What the Bank of Dad Tells Us About Health Care

In this post, I discuss teaching our kids to save by paying them very high rates on their savings, deposits in the Bank of Dad, as we call them.

My anecdotal observations of children (particularly mine!) lead me to assume they discount the future rather severely.  Thus, a dollar right now has substantially greater value than a dollar tomorrow.  Several theories could explain these results.

I generally subscribe to the notion that discount rates (the relative value of a dollar tomorrow versus a dollar today) are not constant over our lifetimes.
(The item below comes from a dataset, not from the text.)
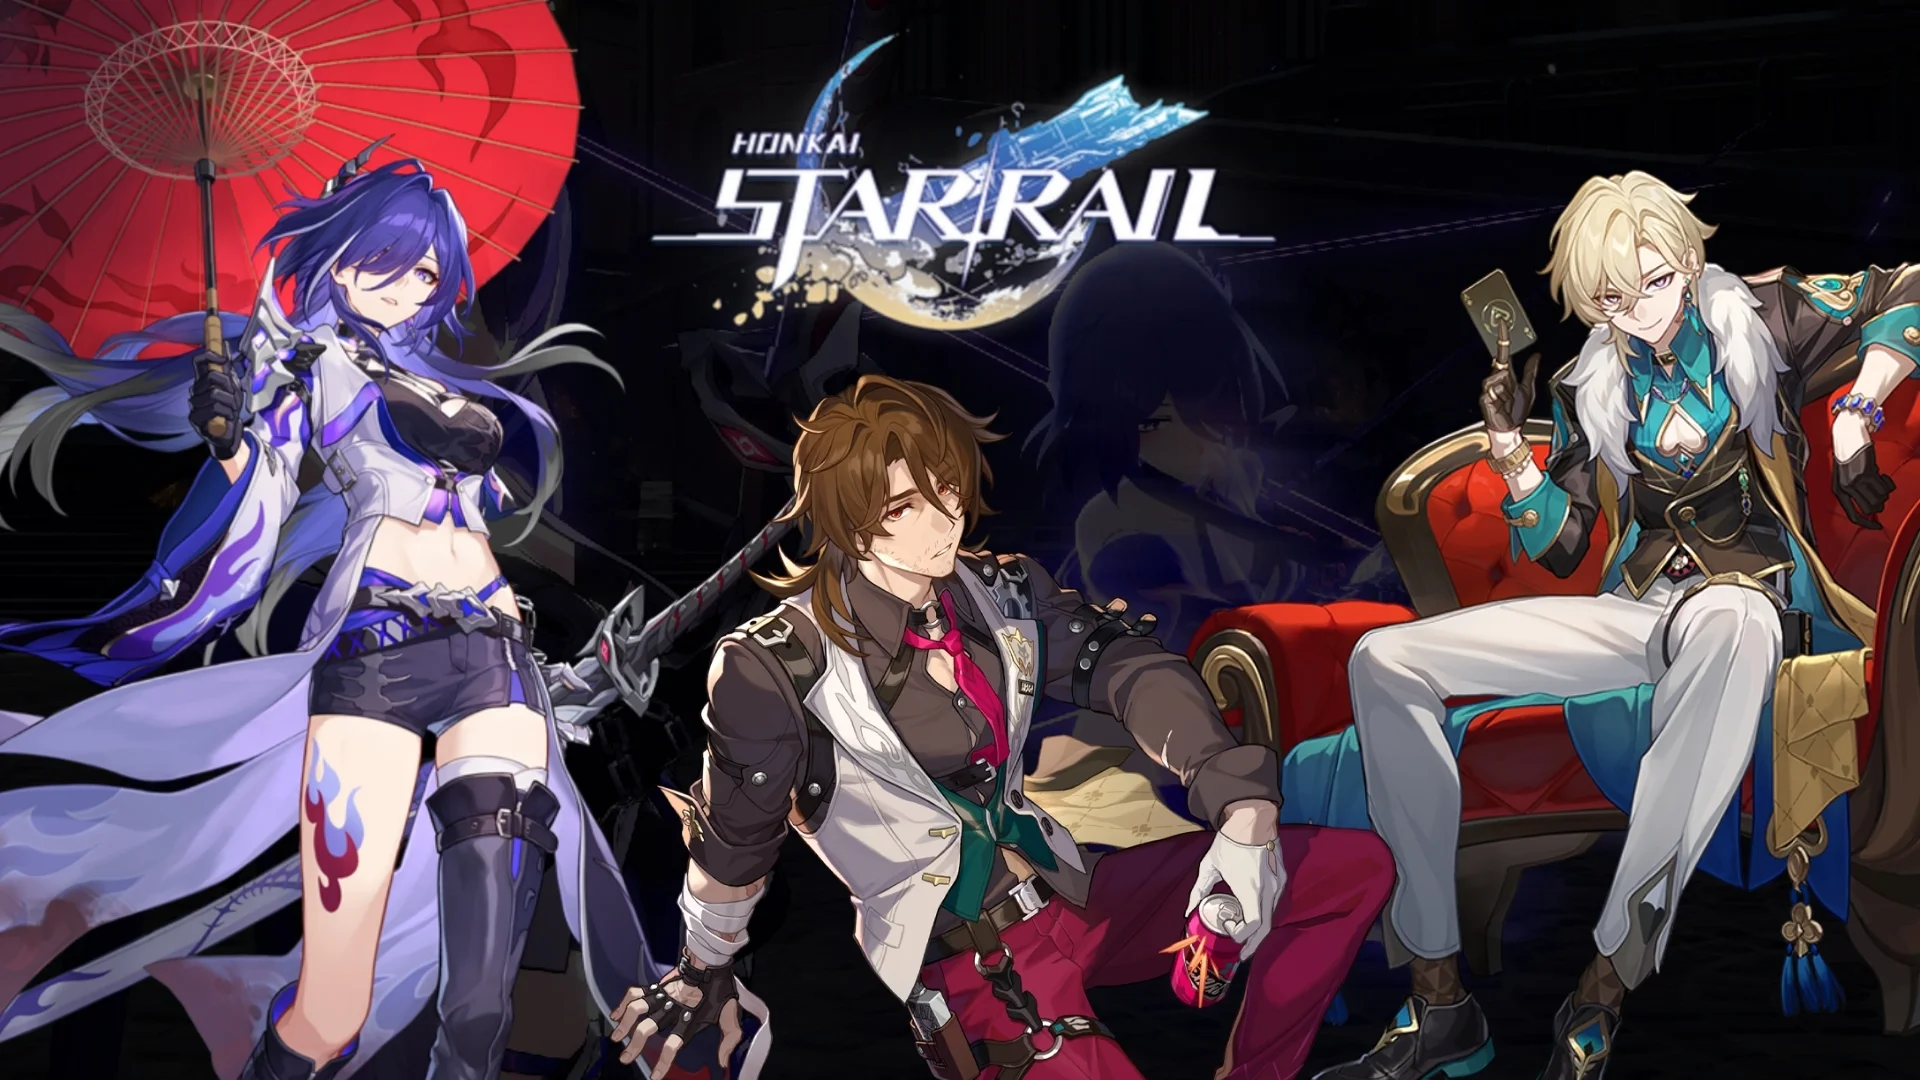 Honkai Star Rail 2.1 Characters and Banners, Rerun Leaks

Therefore, in our household, we train our children to save by paying them higher returns on deposits, that encourage saving behavior that would not occur at the adult "market clearing" interest rates.  I'm pretty confident stating this applies to twenty somethings too.  I suspect those with the bulk of the wealth in the world drive market clearing discount rates.  That means people over the age of 40.

(However, sometimes I'll convince myself the issue really reflects risk changes, or perceived risk changes.  For example, my kids don't control their time.  So, when confronted with the chance to buy a toy right now in the store, versus tomorrow in a store where the same item will cost significantly less, they face meaningful risk they won't get to the store tomorrow, so they pay the high price today.)
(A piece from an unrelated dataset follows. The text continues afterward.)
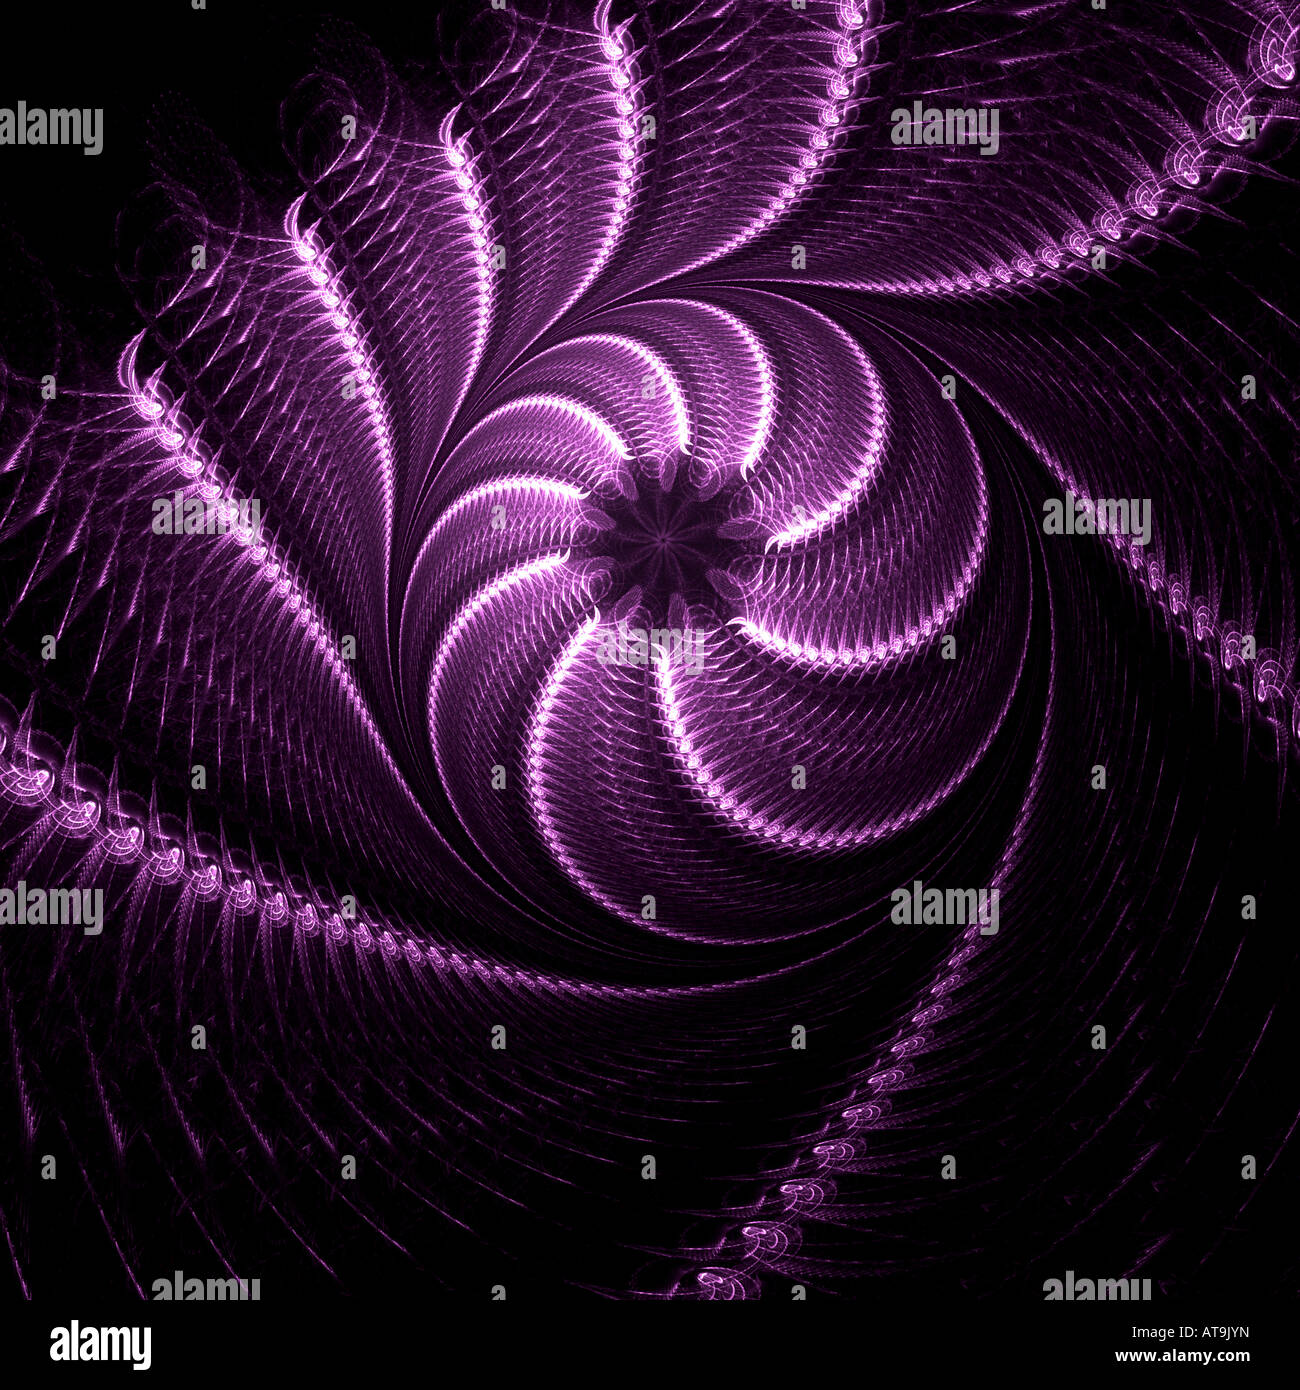 Résumé de l'image fractale ressemblant à une boule de lumière en spirale tissée Banque D'Images

One other observation: We all think we're special.  I discuss this topic as it relates to credit risk in this post.  You've probably heard the example of driving skill--standard fodder for behavioral economics discussions.  Ask a room full of people to raise their hand if they are above average drivers.  Virtually every hand will go up.  (Although I haven't had an accident since I was 16, I confidently state I'm a below average driver.) 

So, we take these two observations: Younger people have higher discount rates, and we're all optimistic. High discount rates mean we don't care about large liabilities that will hit us far in the future, (which accounts for most healthcare spending.) A strong dose of optimism about our own health prospects, both injury risk (I'm not going to break my legs on that half-pipe) and slow deterioration, (yes, most people get fat when they get old, but I won't,) means we don't believe the liabilities matter to us anyway!
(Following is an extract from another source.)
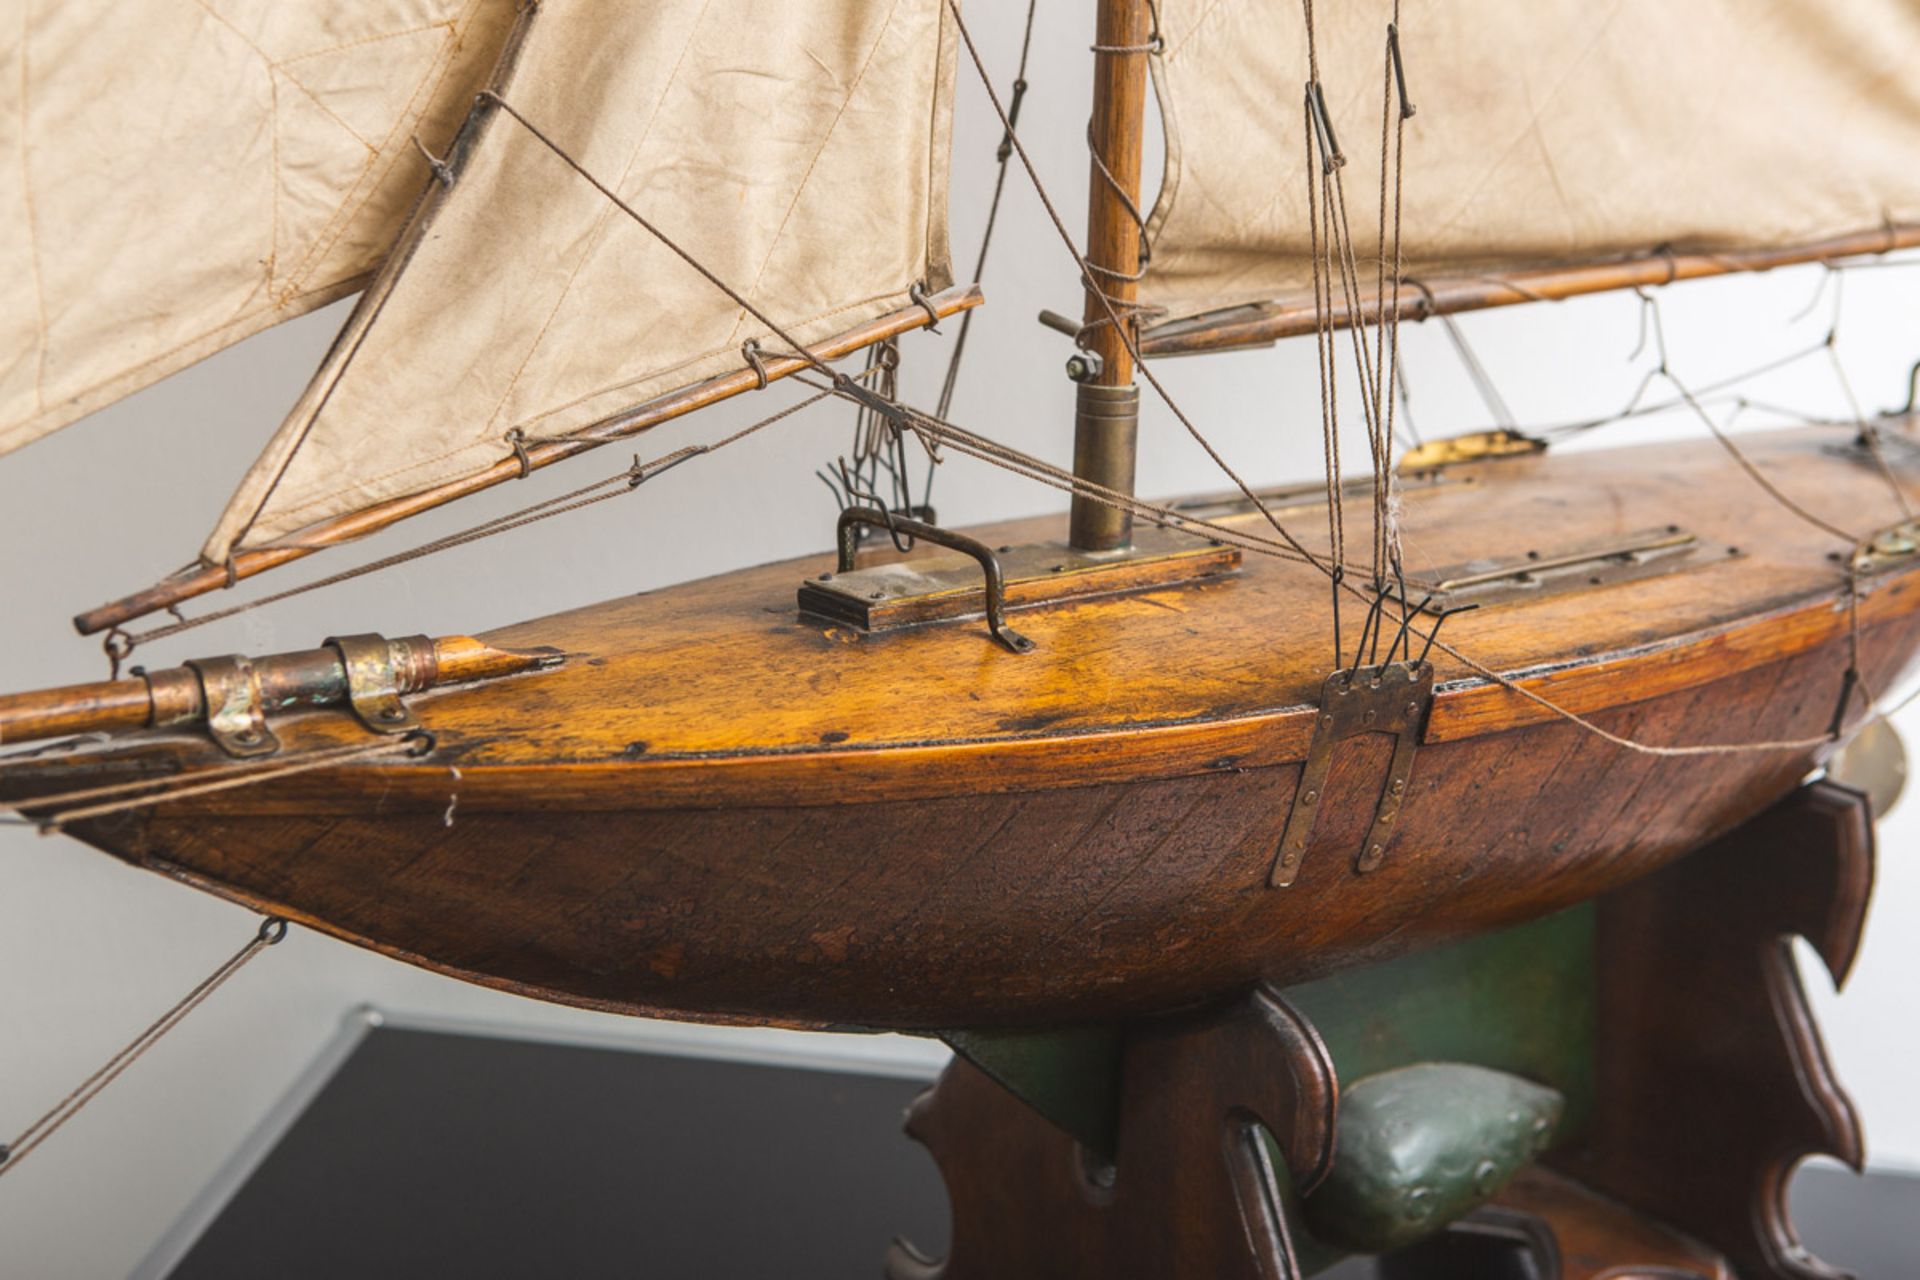 Schiffsmodell eines Segelbootes (wohl um 1900) - Image 2 of 3

The end result: We cannot possibly get young, healthy people to willingly pay enough for their future healthcare expense (in the form of insurance premiums) even before you talk about demographics and retiring baby boomers.

One more factor makes addressing long term liabilities (healthcare) very difficult now: Low interest rates.  Just like my kids who don't want to save in a commercial bank because pathetic interest rates pay them nothing, health insurers cannot rely on the "float" of insurance premiums to cover their costs and profit margins.


  1. This seems to support the "it's all demographics" view of how the world operates. By your theory, as the US population has aged, discount rates should drop, and there should presumably be a long-term differential between aged nations (the US and Europe) and youthful ones (the Mideast and Asia), with the happy consequence that productive young people can profitably borrow from us old relics.


  2. I think a big factor in how much money kids save might be what percentage of the things kids see that they want that the parents are willing to buy. In my almost-rural life here in Madison, I notice that kids are not exposed to very much advertising, so most of what they want (goggles for swim lessons, a soccer ball, new boots) is stuff that seems reasonable for a parent to buy.


  3. @Terence: I think I agree, in that if I agree with my hypothesis of age varying discount rates, then your demographic argument follows. However, when I wake up on the other side of the bed, and believe it's driven by risk, not age, then I'm not so certain.

    @Penelope: I think your point may be interesting in a different context, but not the discounting one. For example, you are saying if kids only ask Mom or Dad to buy (healthy) food at meal time, then neither parents nor kids have any insight into discounting or saving behavior. However, the interesting (theoretical!!) experiment with kids who don't ask for stuff would be to give them food only once a week, and see how effectively they saved the food they like best to eat later in the week. My guess is that they'd still eat all of their favorite food on day one, not a little each day.